O poeta e compositor Noel Tavares publicou, em 2009, seu segundo livro de poesia Andávia, em edição particular, com incentivo público. Os seus poemas falam preferencialmente de coisas cotidianas, terrenas, abrindo espaço também para o sentimento lírico, a revolta ante as injustiças sociais e a convivência familiar e fraterna. Contudo, no poema aqui escolhido, “Ode à cidade do Recife”, Tavares estabelece o seu campo de atuação urbano, ao cruzar as fronteiras marginais da cidade, ao adentrar as esquinas, ruelas, mercados e bares onde se fomentam as vivências precárias e diferenciadas dos esquecidos, dos desocupados e sem função social definida na grande máquina movida pelo sistema político-financeiro da cidade e do país. Faz referência a poetas pernambucanos como Manuel Bandeira e Carlos Pena Filho, parodiando-os. Pena Filho tem um longo poema sobre o Recife, que se situa historicamente a partir da criação da cidade, passando pela expulsão dos holandeses, até chegar ao nosso tempo, o Guia prático, onde costumes e hábitos são dissecados nos bairros centrais e nos subúrbios. É um canto que se rebela também com as vivências pequeno-burguesas da cidade, com a indiferença mostrada na relação com seus filhos, expulsando alguns deles para outras paragens. Tal como no poema de Noel Tavares, que aqui se transcreve:


Hoje, não cantarei o Recife de Manuel Bandeira,

o Recife da lira e das bandeiras liberais,

o Recife do chicote-queimado na rua da União,

do coelho; sai-não-sai, sai-não-sai.

O coelho sai? Não sai!

Hoje, cantarei o Recife das mulheres da vida

e desses homens marginais. O Recife dos loucos

que estendem as mãos e riem de si mesmos

como se fossem seres tão normais.

O Recife dos heróis, sem glória e sem nome,

cuja lista daria tranquilamente para encher as estantes

da Academia Real de Londres.

Hoje cantarei o Recife dos mangues, das palafitas,

das crianças exangues, que teimam em existir.

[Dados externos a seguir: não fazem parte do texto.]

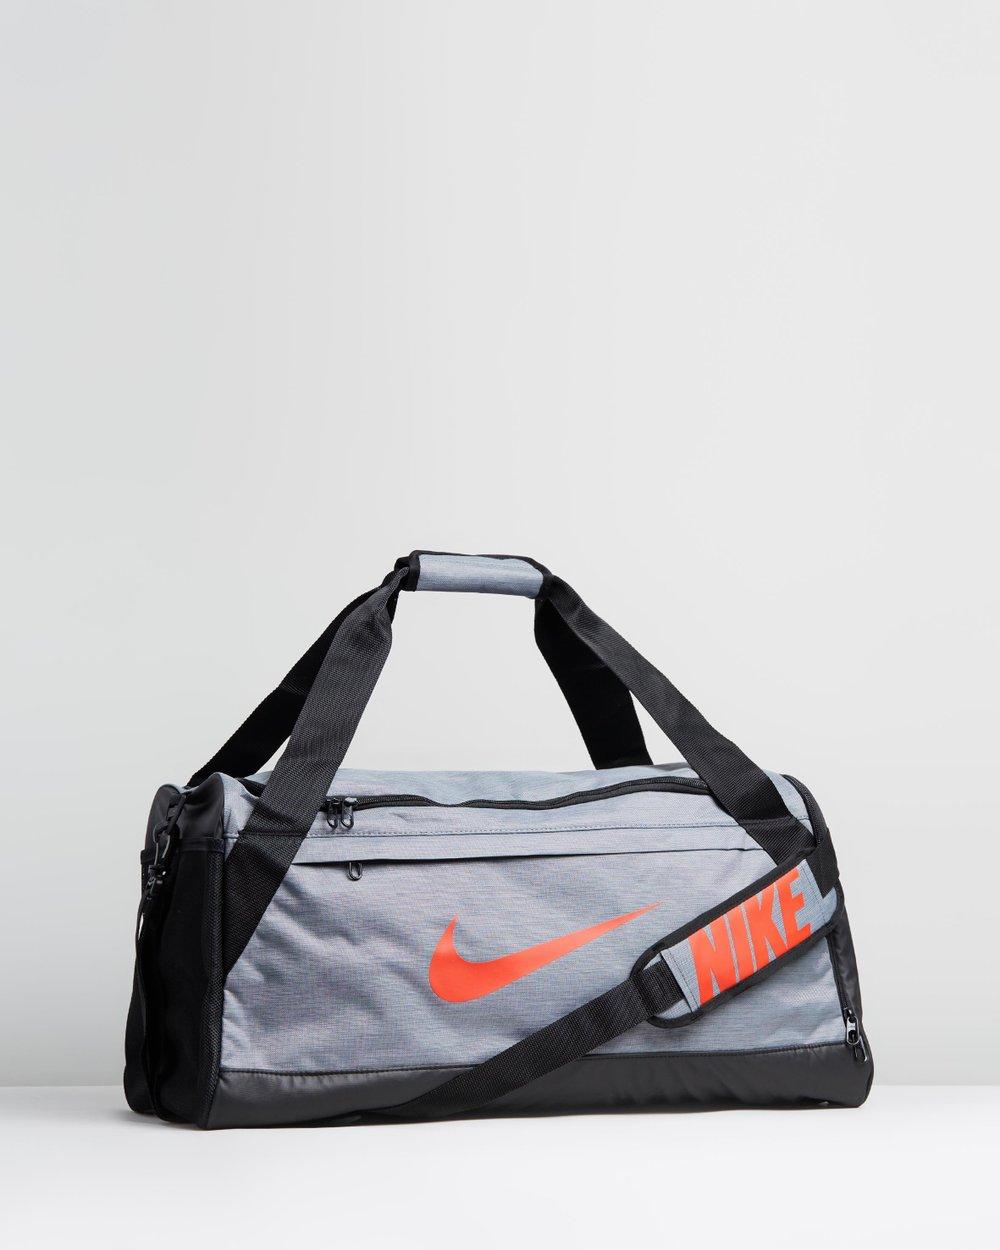 176a9fb5e04c6 Brasilia Training Duffle Bag by Nike Online

O Recife das crianças que andam sobre a lama

em busca de um siri.



Hoje, cantarei o Recife do: é melhor partir.

Mamãe, eu acho que vou para o Rio de Janeiro,

acho que lá não tem um rio que fede igual a esse aqui.

Mas o rio Capibaribe não escuta,

porque está preocupado em invadir a várzea

para desovar a miséria.

Recife é coisa séria! Às vezes, esquisito;

ás vezes, esquistossomose.

E enquanto um delira, o outro morre

sem saber do que, por que e para que.

E lá no bar Savoy, tantos de porre!

Lá no bar Savoy, onde o poeta Carlos Pena Filho

nunca disse: Recife, eu tenho pena de você.

Hoje cantarei o Recife das pontes,

mas não da família Pontes, nem Vieira, nem Freire

e nem Bandeira. Hoje cantarei o Recife das pontes,

entre a bastança do ter e do não ter.

O Recife dos mendigos, desses artistas de circo

Que saltam do trapézio pra morrer. Tampouco

cantarei o Recife de terno, do cinema moderno,

pois o filme real desta cidade não passa mais ali.

Cantarei o Recife das igrejas, da erva e da cerveja,

do porre e do xixi.

– E eu não quero ir pra Pasárgada.

Eu quero é ficar aqui!



POEMAS DA SÉRIE INÉDITA A OUTRA VOLTA DO SOL


A CANCELA


Nada consegue gemer mais

que uma velha cancela de sítio

solitária entre as cercas

de currais e riachos, baixios

nos barrancos e várzeas, veredas

da terra abandonada.



Ali a Cacimbinha rendeu-se

em morosidade e cansaço.

E já não há moradores,

os rios são barro e areia,

os animais desertaram

a outras furnas e pastos.



Ficaram apenas as mesmas

árvores destemerosas

da mão pesada do homem

na inconstância dos dias:



Pau-d’arco, quixaba, umbuzeiro

o juazeiro a braúna o angico

que jamais desprezaram a quem

as fez de mourão ou abrigo.

Um comentário:

  1. Excelente a resenha crítica do Sinfonia para vagabundos, Luiz Carlos. Belíssimo seu A cancela. Leitura nutritiva no seu blog, feito sempre.